As expected since the tracking of DIFODO is longer the error has go close the the 1 meter APE, still is better that the original algorithm but is a very high error for SLAM systems. In any case this is a extremely difficult environment where there is no strcuture and also no texture during a 5 seconds interval. The following images show visually the result of the tracking:

alt alt

Conclusions

The new SD-SLAM is much more robust that the previous version since it can track in more environments, in particular those who doesnt have texture. The new SD-SLAM can track on non texture environments, and is less likely to get lost due to fast movements where the RGB image is blurry and keypoints cannot be found. In the environments with enough texture SD-SLAM will perform as always since the modifications only are visible when there is no texture in the environment due to any reason like not enough ligth, the environment doesnt have texture at all and fast movements among others.

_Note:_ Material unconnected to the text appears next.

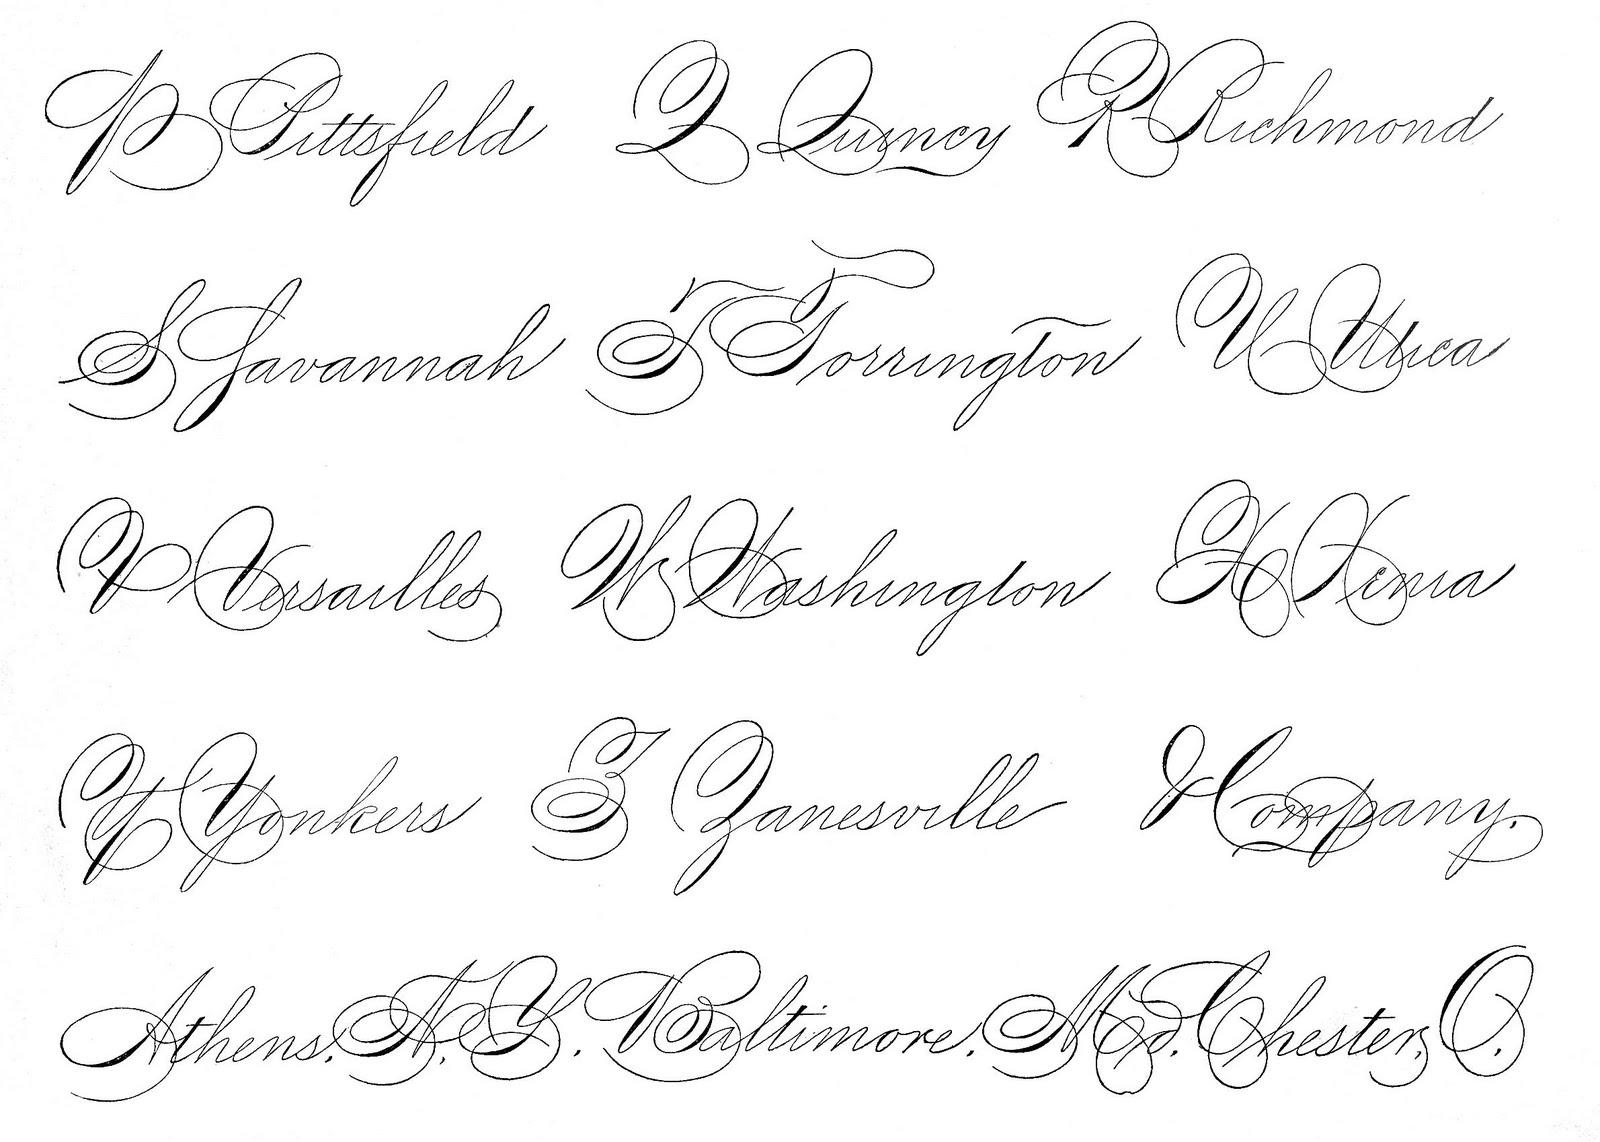 Book Quotes Wallpaper Cursive Spencerian Saturday Pen Flourished Words The Graphics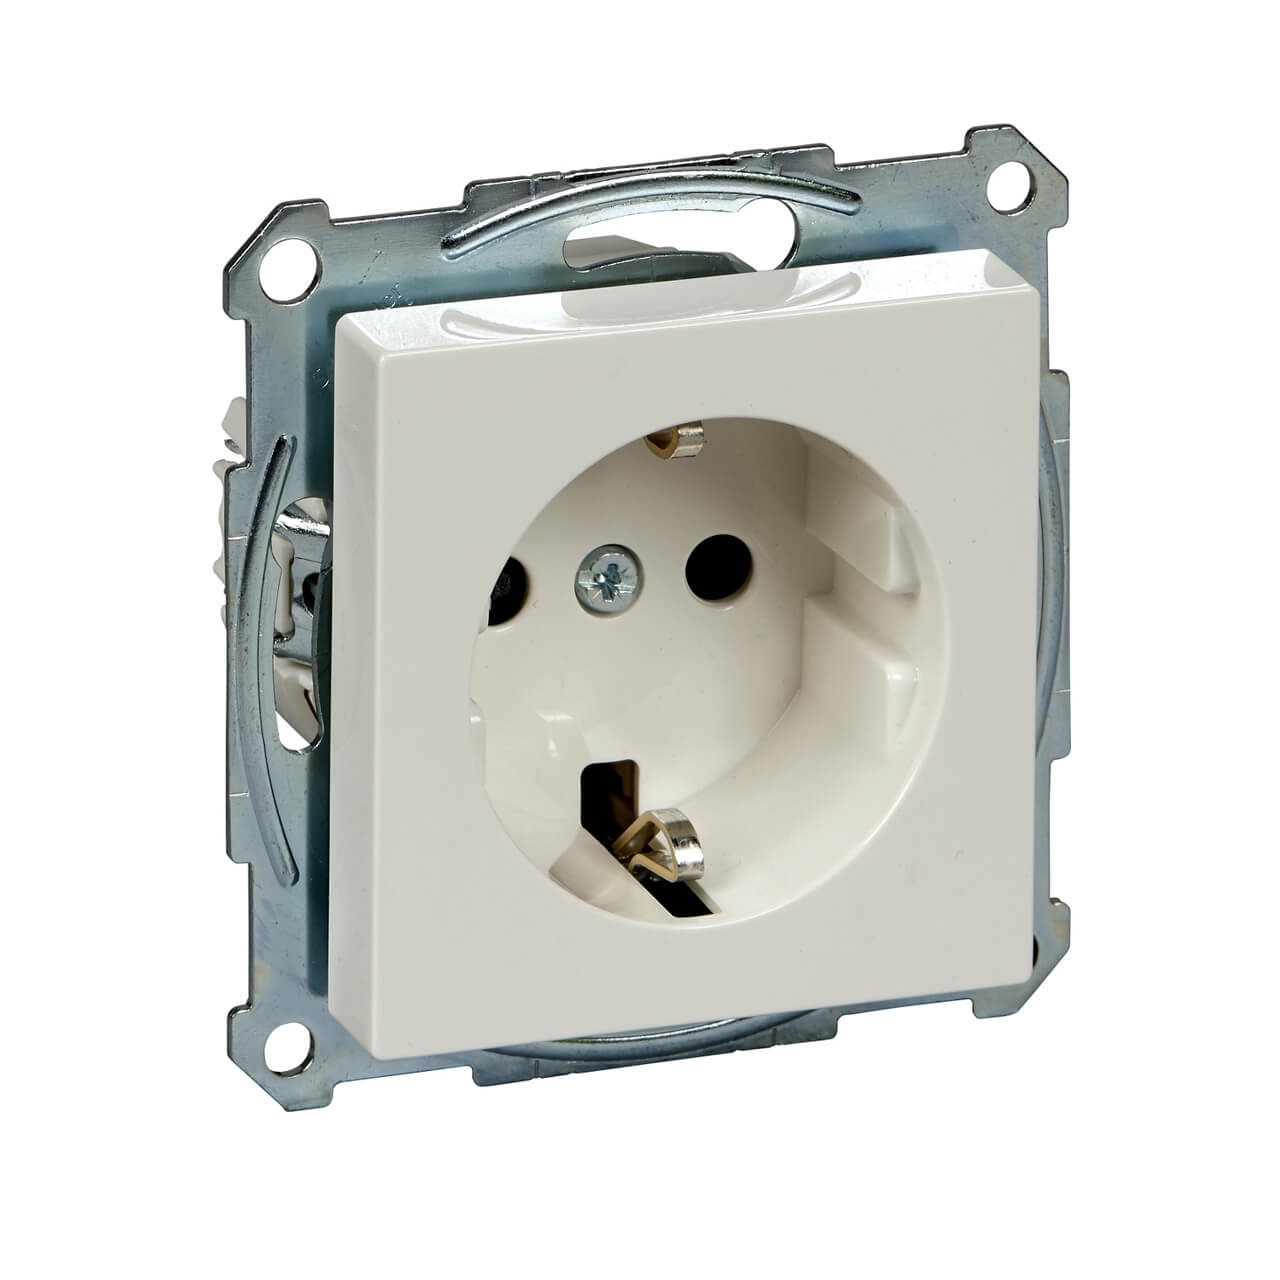 Фото - Розетка Schneider Electric MTN2300-0319 Merten System M розетка schneider electric merten system m с з и шторками mtn2300 0319

As a final conclusion even though DIFODO does a good job to keep the tracking, it needs enough structure to give good estimations. Its shown that the performance of DIFODO is not as good as SD-SLAM as seen in a previous entry so this should be only used as a last resort. When there is texture available is preferred to use the original ORB tracking from SD-SLAM.

The odometry from DIFODO can be improved by adding more mechanisms like ICP to reduce the drift in the DIFODO odometry from time to time. Also a full SLAM algorithm could be create for depth only that would help SD-SLAM when using DIFODO, reducing the drift also by using previous known positions.